Figure 4. Elimination of Tim17b function by RNAi expression disrupts protein delivery to mitochondrial matrix.

A. Model of organization and function of mitochondrial translocase complexes TOM, TIM9-10, TIM23 and TIM22. Arrow shows pathway of protein with cleavable N-terminal signal translocation through TOM-TIM23 into matrix. Position of Tim17b protein (red) in TIM23 complex is shown. OM – outer membrane; IMS – intermembrane space; IM – inner membrane. Green – protein of mitochondrial matrix. Blue – cleavable N-terminal signal peptide. B–C. Tim17 is required for mito-GFP delivery to mitochondria. The dissected larval mid-intestine expressing mito-GFP (green) (B) or co-expressing mito-GFP (green) with Tim17b^RNAi (C) were stained with anti-ATP-synthase antibody (red) and TOTO3 DNA binding dye (blue). Displacement of mito-GFP from mitochondria is clearly seen in Tim17b^RNAi–expressing tissues. D – E. TEM analysis of tissues shown in B – C panels demonstrates that mitochondrial structure has still not been compromised by the time mito-GPF delivery to mitochondria is disrupted. Red arrows indicate mitochondria.

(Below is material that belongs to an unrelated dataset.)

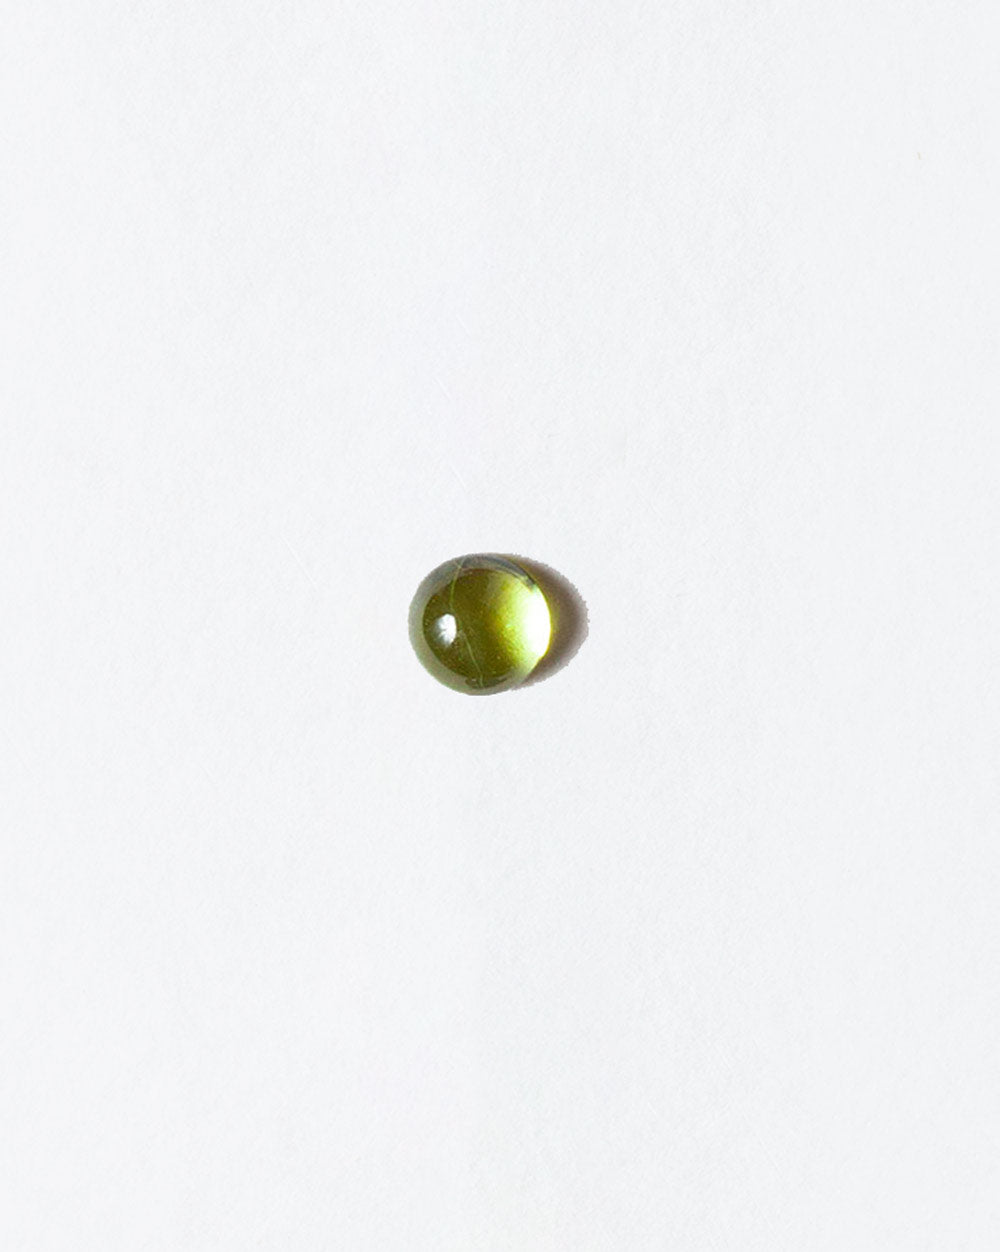 Peridot cabochon on light color background.

Figure 5. Use of Tim17b-DsRed fluorescent reporter for time-lapse microscopy of mitochondria, 3D reconstruction of mitochondrial network and mitochondrial proteins dynamics assay.

A. Time-lapse microscopy of live Drosophila tissue. Tim17b-DsRed is shown in red color. DNA is detected using Draq5 dye (green). B–C. 3D-mitochondrial network within mid-intestinal cells. 1–9 represent individual confocal sections. PR – X-Y projection. C. 3D reconstruction of the mitochondrial network is presented. Tim17b-DsRed is shown in red color. DNA is detected using TOTO3 dye (green).

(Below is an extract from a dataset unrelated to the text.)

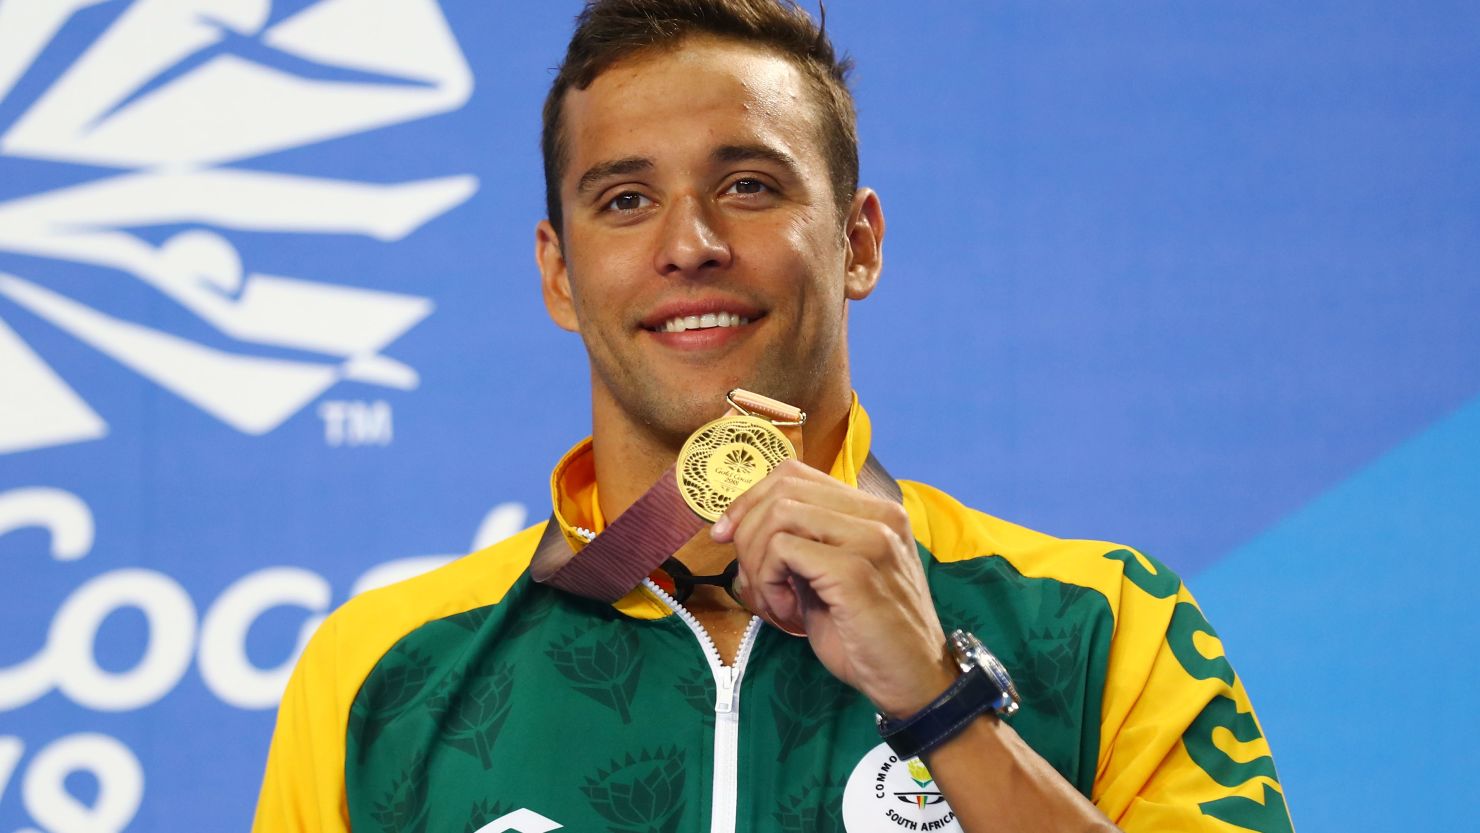 Gold medalist Chad le Clos of South Africa poses during the medal ceremony for the men's 200m butterfly final.

Figure 6. Fluorescence Recovery After Photobleaching (FRAP) assay for Tim17b-DsRed and mito-GFP proteins.

A. Tim17b-DsRed (red). B. mito-GFP (green). White circle shows position of photobleached area (A – B). In contrast to soluble GFP protein of mitochondrial matrix, assay demonstrates that Tim17b, which is a transmembrane protein, has a very slow replacement/dynamic rate (C).